The lift still wasn’t working and we had to walk up the stairs again. When we got to the top, I walked up to the edge of the railings and peered over. It was such a long way down. The cars in the road below all looked so tiny, like matchbox ones. It made my head spin to look at them. I flattened myself against the wall while Zara banged on the door.
“Uncle Silbert!” she called through the letterbox. We waited for a few minutes, and then she tried again. She turned to face me. “It’s awfully quiet in there,” she said.
Five minutes later, we decided we would have to break the lock, but neither of us knew how to do it. In the end we found a brick and smashed a window into one of the unused rooms, and Zara climbed through. A few minutes later the front door opened and she was standing in the hallway. All the blood was drained from her face.
“Call an ambulance,” she said and skidded off back down the hallway.
I raced downstairs to find a neighbour with a telephone, then ran back up again, and into the kitchen. Uncle Silbert was hunched over in a chair by the gas stove, his head hanging forward and his eyes closed. He was wearing Zara’s red jumper over his pyjamas and a dressing gown over the top. His face was chalky white and his lips were blue. His bony fingers were twisted together in his lap.
“Is he... all right?” I asked, stupidly.
“No,” said Zara. “He’s not all right, at all. He’s breathing, but only just.”
She crouched on the floor in front of him and grabbed his hands.
“Uncle Silbert. Can you hear me?” she shouted.
Fear crept up inside me. My heart started thumping in my chest and I felt my legs starting to give way from underneath me. I grabbed at the wall and propped myself up. “Oh God, no,” I whispered. “Please don’t let anything happen to him.”
“Uncle Silbert,” shouted Zara again. “Can you hear me? Can you hear me?” she repeated over and over again. She stood up and slapped his cheeks, pushed his head back and reached into his mouth.
“What are you doing?” I asked her, as she whipped out his teeth and plonked them on the table beside him.
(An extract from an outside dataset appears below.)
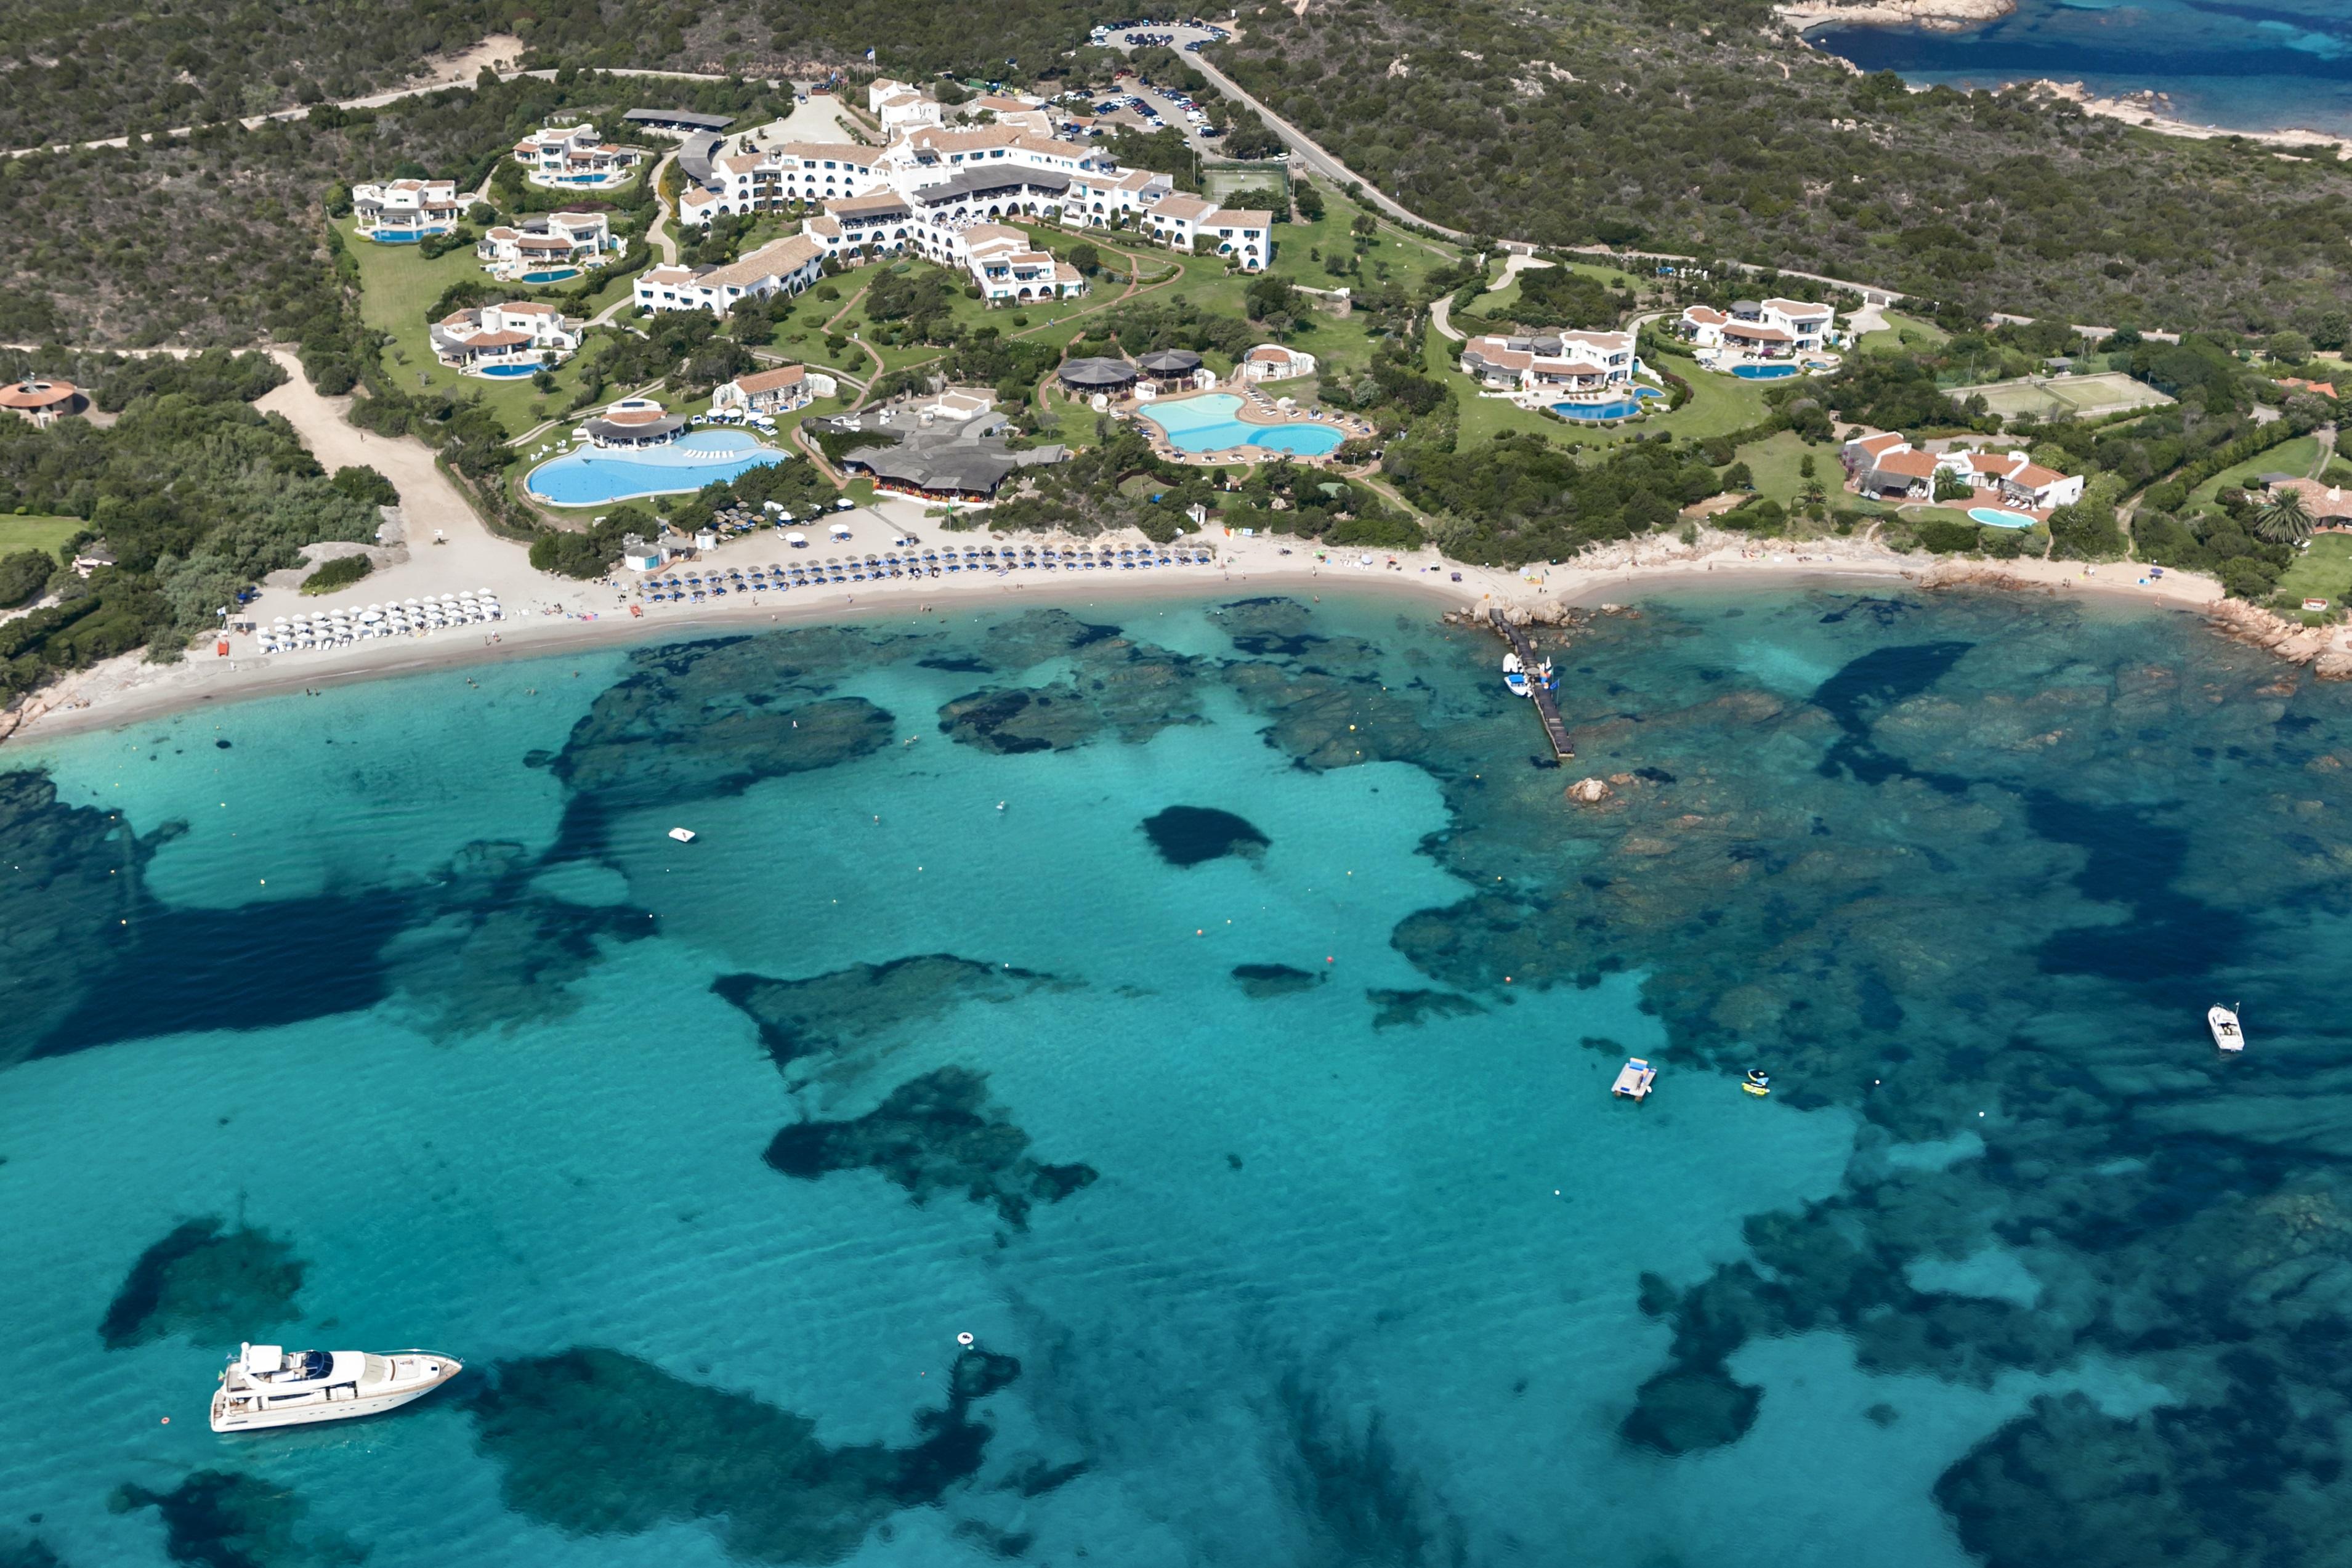 Hotel Romazzino - Aerial View

“See if you can find another blanket,” said Zara. “Go and have a look in the bedroom.”
There was only a sheet and one blanket on the unmade bed. It didn’t look as though it had been slept in.
“Good,” said Zara when I came back in. “Now wrap it around him. Keep his arms away from his body.” She was holding a lighted match over the gas stove but nothing was happening. “Damn, no gas,” she said. She looked up at me in astonishment. “He must have been cut off.”
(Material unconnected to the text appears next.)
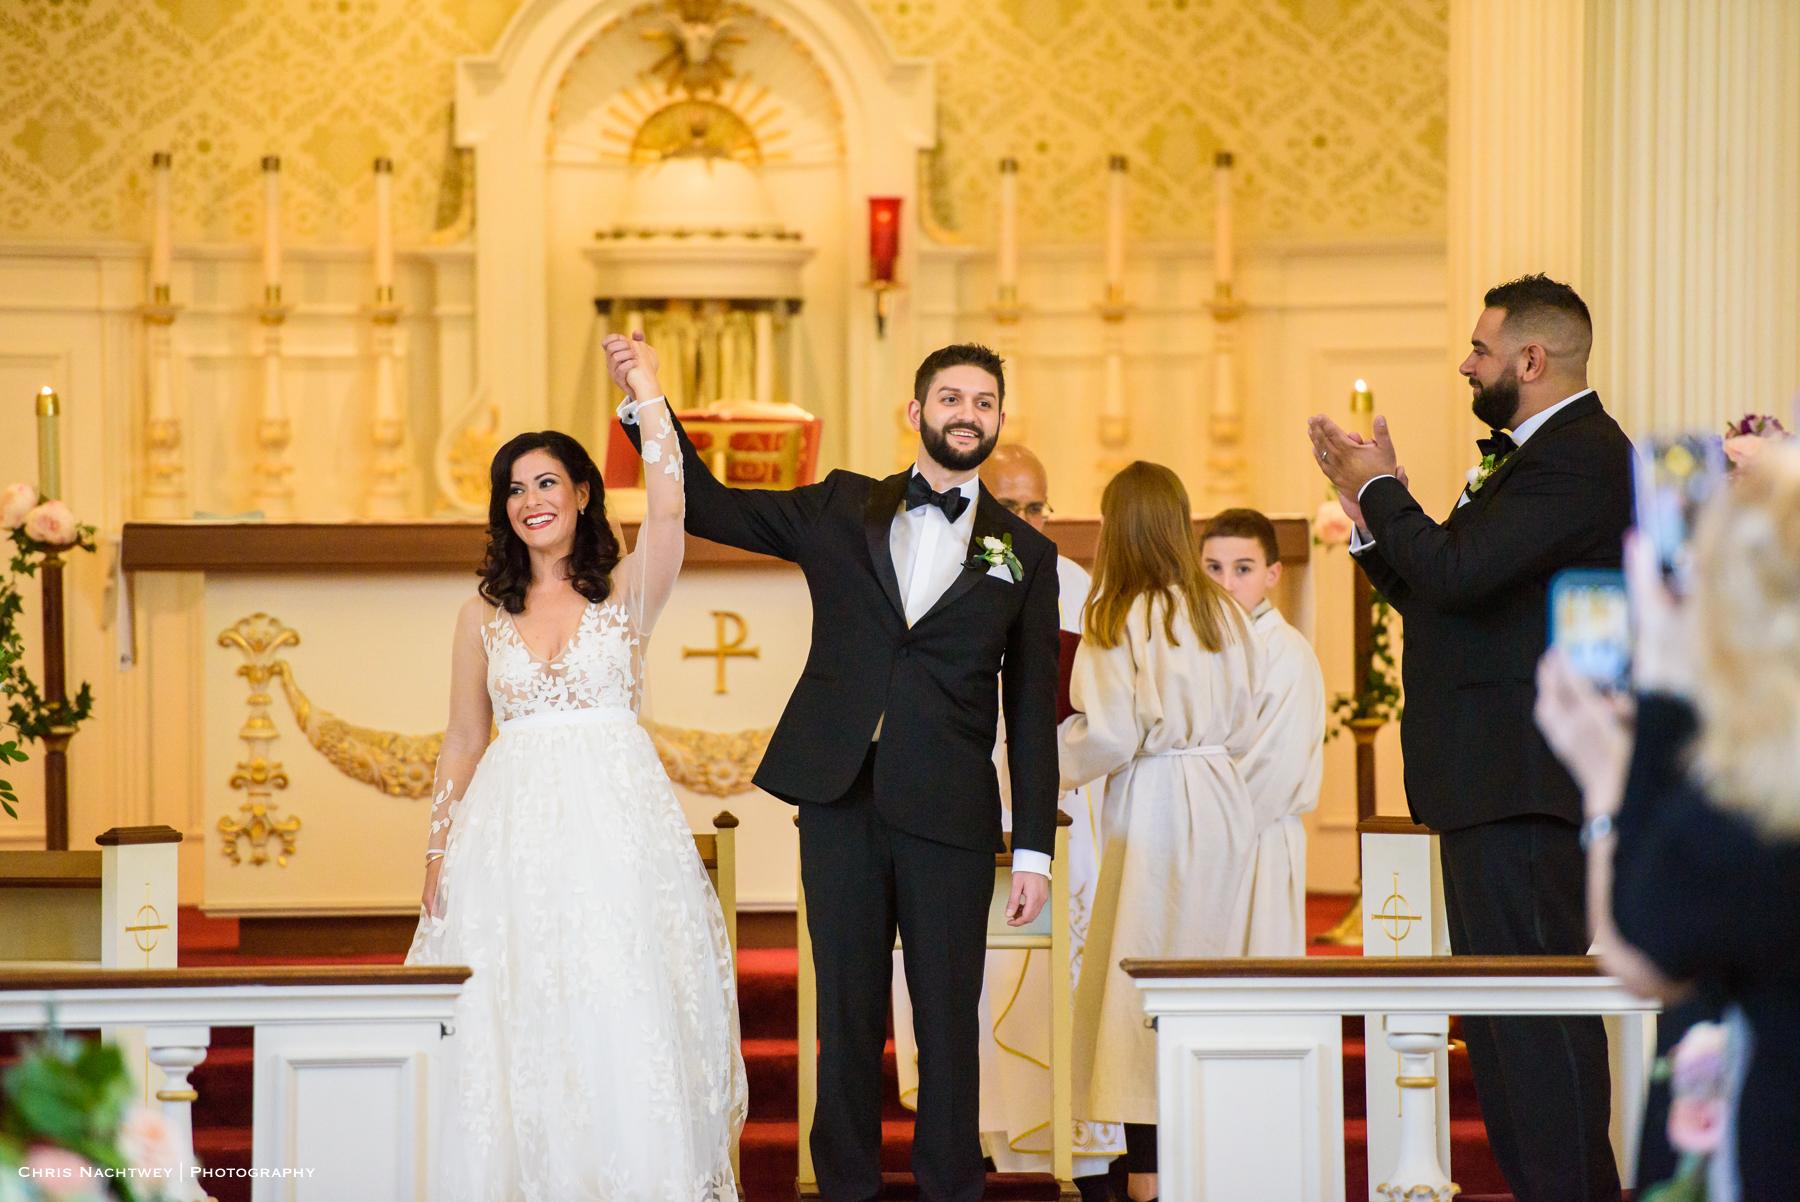 winter-branford-house-wedding-photos-groton-ct-chris-nachtwey-photography-2019-18.jpg

Just at that moment Uncle Silbert’s neighbour came in through the front door with two paramedics. They covered his face with an oxygen mask and lifted him onto a stretcher while we watched in silence. As they lifted him up, I touched his shoulder. It felt hard and shell-like through the thin layers of clothing. Then they were gone, out of the door, and down the steps.
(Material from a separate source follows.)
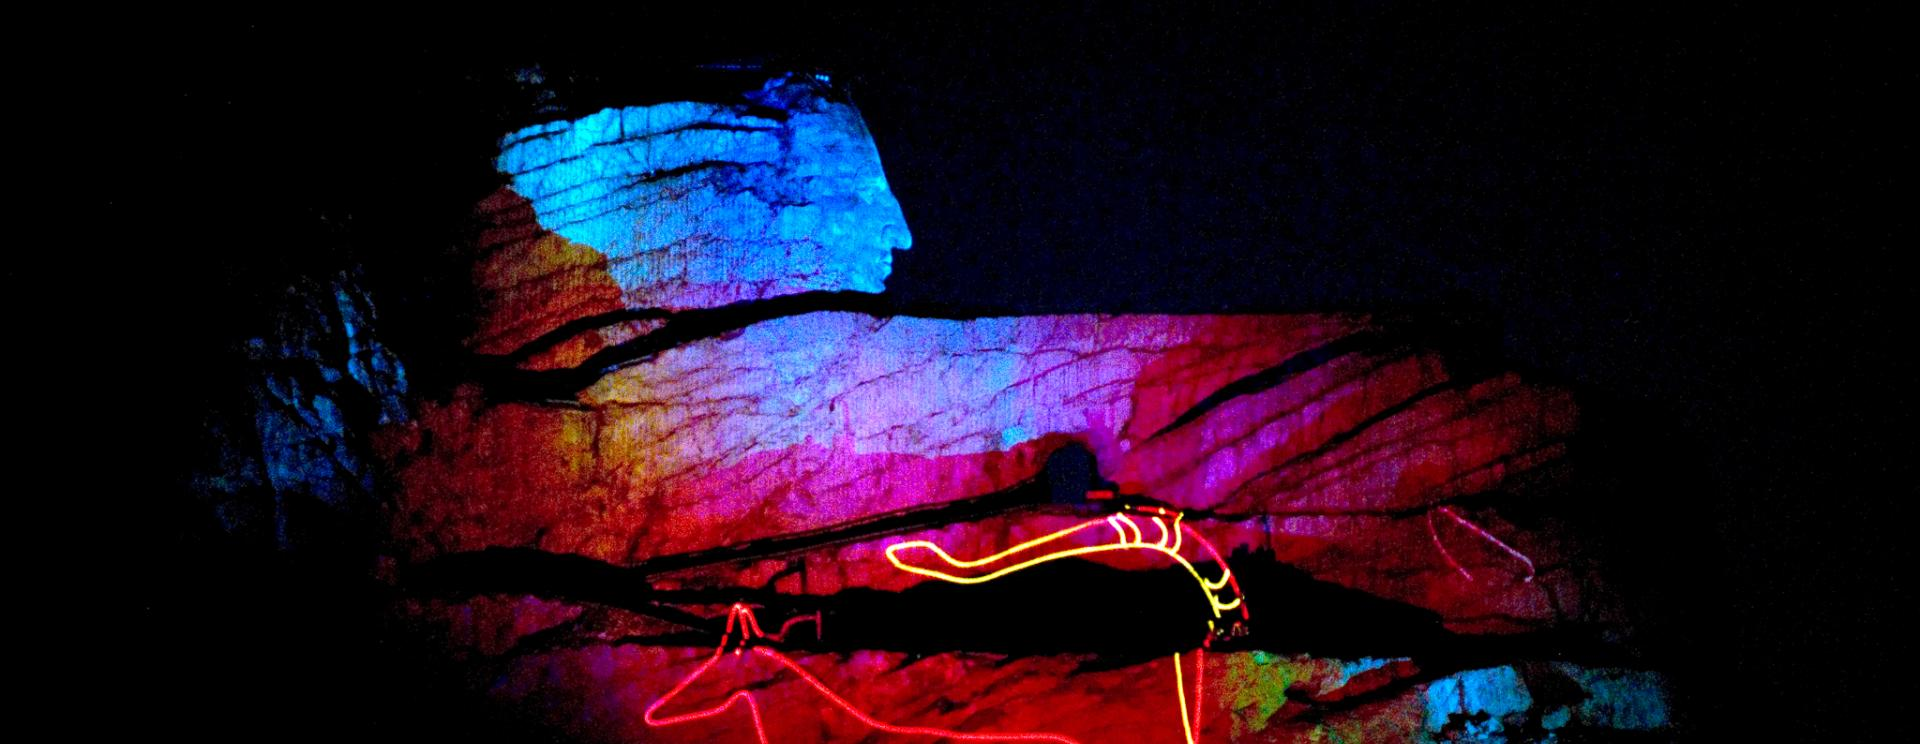 Crazy Horse Memorial Black Hills Badlands South Dakota

The journey down was fraught with difficulty as the stairwell wasn’t wide enough and turned at funny angles. Zara and I hung back anxiously as they manoeuvred the stretcher up and down and around the corners; it all seemed to be going on forever. Finally we got to the bottom and they put him into the ambulance. Zara jumped in after him.
“See you there,” she said.
The rain was still dribbling down dismally as I drove to the hospital. I parked the car and hurried across the car park to the now familiar entrance to Saint Barts’ Accident and Emergency department. The waiting room, as usual, was packed.
Zara and Shelley met me in the corridor. Shelley had just finished her shift. Two elderly ladies and a young man were pushed up against the wall on trolley-beds.
“Which way?” I asked.
“He’s in there,” said Zara, pointing to a curtained-off room further down the corridor. “We have to wait.”
“What’s happening?” I asked.
“It’s pneumonia,” said Zara. “They’ve got him on a drip.” She wiped at her eyes with the back of her hand. “Anyway. They’re doing everything they can.”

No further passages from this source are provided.